Vance v. Arthur, 142 W.Va. 737, 98 S.E.2d 418 (1957).' Syl. Pt. 3, State ex rel. Lemley v.
Roberts, 164 W.Va. 457, 260 S.E.2d 850 (1979), overruled on other grounds by Stalnaker
v. Roberts, 168 W.Va. 593, 287 S.E.2d 166 (1981). Syllabus Point 5, State ex rel. Farber
v. Mazzone, 213 W.Va. 661, 584 S.E.2d 517 (2003). See also State ex rel. Cecil v. Knapp,
143 W.Va. 896, 105 S.E.2d 569 (1958); State ex rel. Leeber and Covey v. The Board of
Education of The County of Raleigh, 143 W.Va. 584, 103 S.E.2d 797 (1958); State of West
Virginia ex rel. Browning v. Tucker, 142 W.Va. 830, 98 S.E.2d 740 (1957); State ex rel.

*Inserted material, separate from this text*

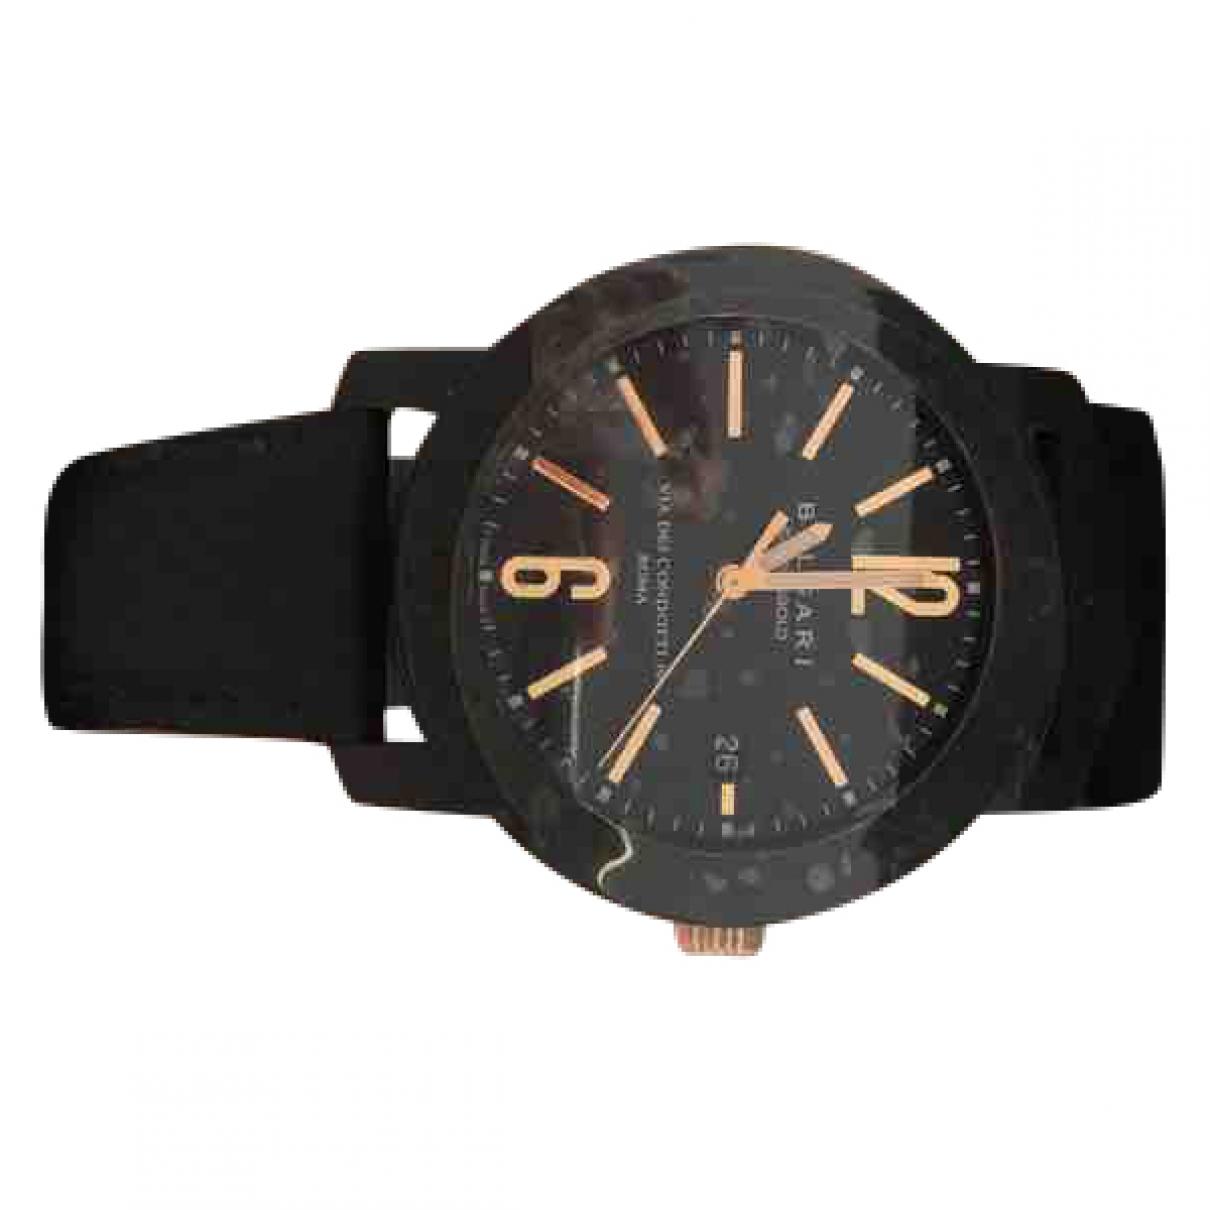 Reloj Carbon Gold Bvlgari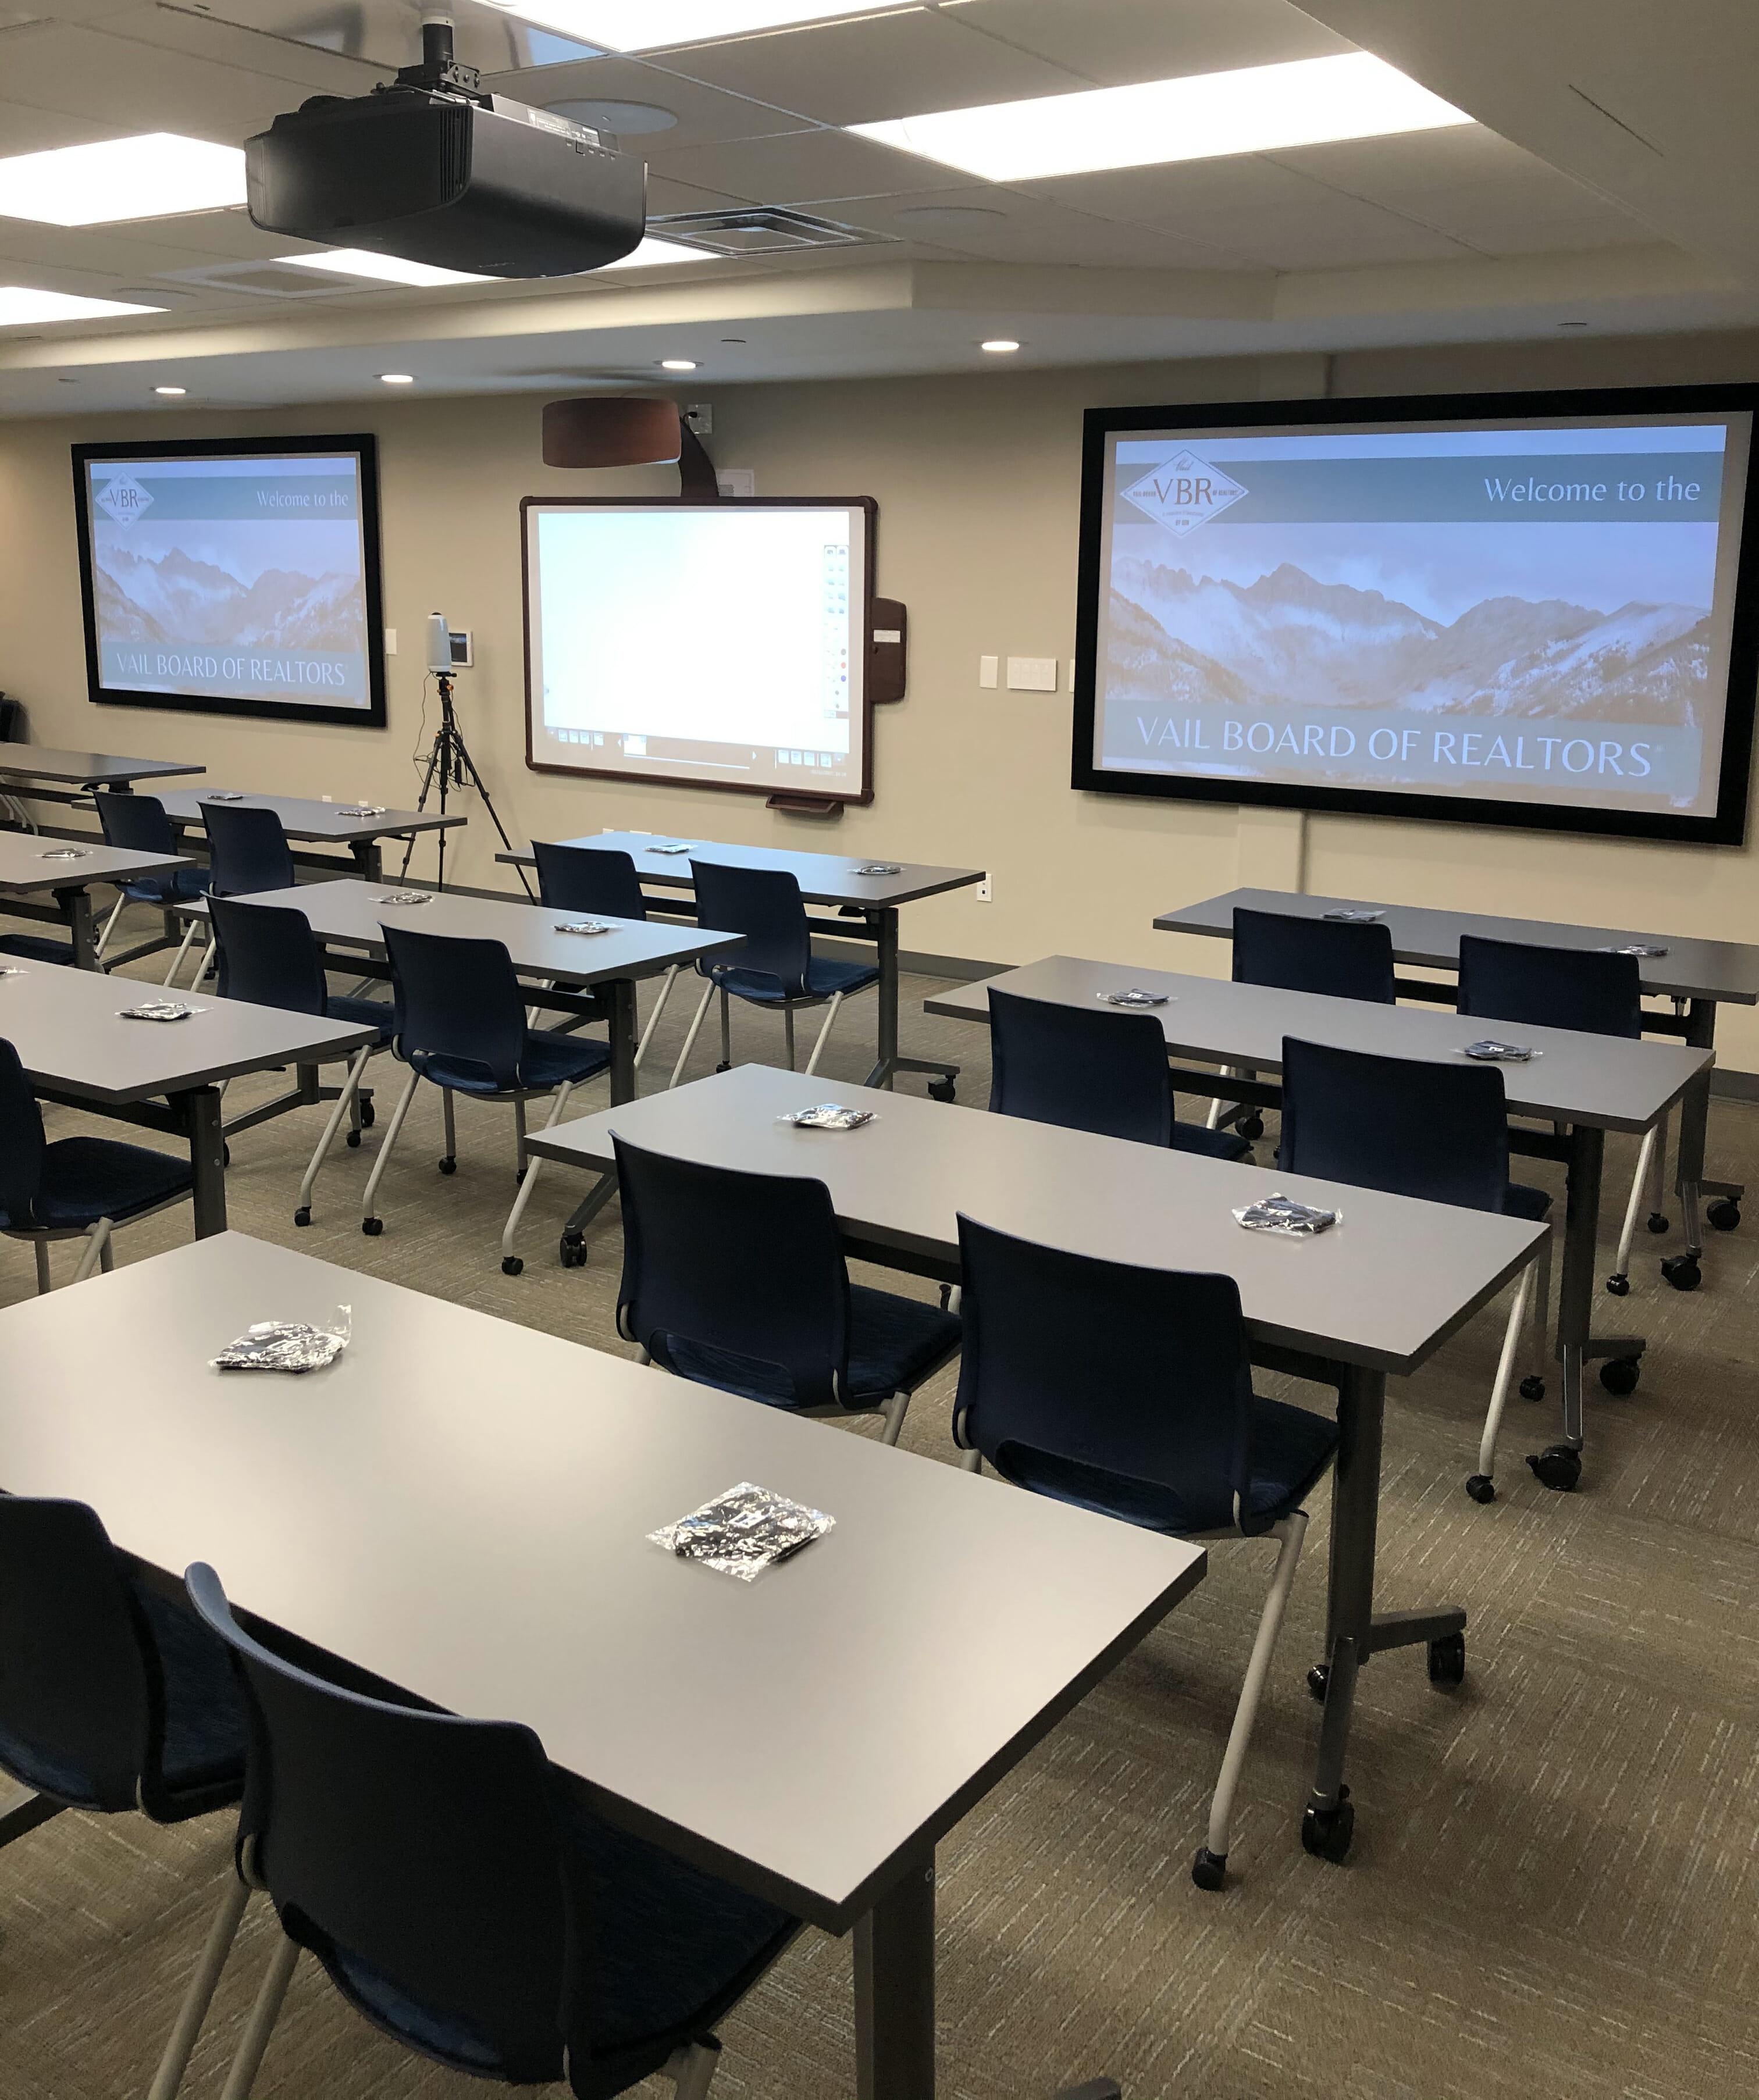 VBR Classroom

Lovejoy v. Skeen, 138 W.Va. 901, 78 S.E.2d 456 (1953), certiorari denied, 349 U.S. 940, 75
S.Ct. 786, 99 L.Ed. 1268 (1955); Stephenson v. Ashburn, 137 W.Va. 141, 70 S.E.2d 585
(1952); Evans v. Hale, 131 W.Va. 808, 50 S.E.2d 682 (1948); Pettry v. Hedrick, 124 W.Va.
113, 19 S.E.2d 583 (1942); Perkins v. Hall, 123 W.Va. 707, 17 S.E.2d 795 (1941); Hayhurst
v. J. Kenny Transfer Company, 110 W.Va. 395, 158 S.E. 506 (1931); New Eagle Gas Coal
Company v. Burgess, 90 W.Va. 541, 111 S.E. 508 (1922); Roberts v. Hickory Camp Coal
and Coke Company, 58 W.Va. 276, 52 S.E. 182 (1905); St. Lawrence Boom and
Manufacturing Company v. Holt, 51 W.Va. 352, 41 S.E. 351 (1902); Hoback v. Miller, 44
W.Va. 635, 29 S.E. 1014 (1898); Fowler v. Lewis' Adm'r, 36 W.Va. 112, 14 S.E. 447 (1892); Haymond v. Camden, 22 W.Va. 180 (1883); Camden v. Haymond, 9 W.Va. 680 (1876).
Having determined that the service of process was defective and therefore void,
it necessarily follows that the circuit court did not thereby obtain jurisdiction over Mr. Dailey
as proper service of process is necessary to confer jurisdiction upon a circuit court. This
Court has held that '[t]o enable a court to hear and determine an action, suit or other
proceeding it must have jurisdiction of the subject matter and jurisdiction of the parties; both
are necessary and the absence of either is fatal to its jurisdiction.' Syl. Pt. 3, State ex rel.
Smith v. Bosworth, 145 W.Va. 753, 117 S.E.2d 610 (1960). Syllabus Point 1, Leslie
Equipment Co. v. Wood Resources Co., L.L.C., ___ W.Va. ___, 687 S.E.2d 109 (2009).
Accordingly, after thoroughly reviewing the record, it is clear that the circuit court abused
its discretion in entering its July 22, 2003, entry of default against Mr. Dailey, and in its
subsequent award of damages in its January 8, 2008, default judgment order. Thus, we
reverse the circuit court and hold that its July 22, 2003, entry of default, and its January 8,
2008, default judgment orders be set aside.
Reversed and Remanded with Directions.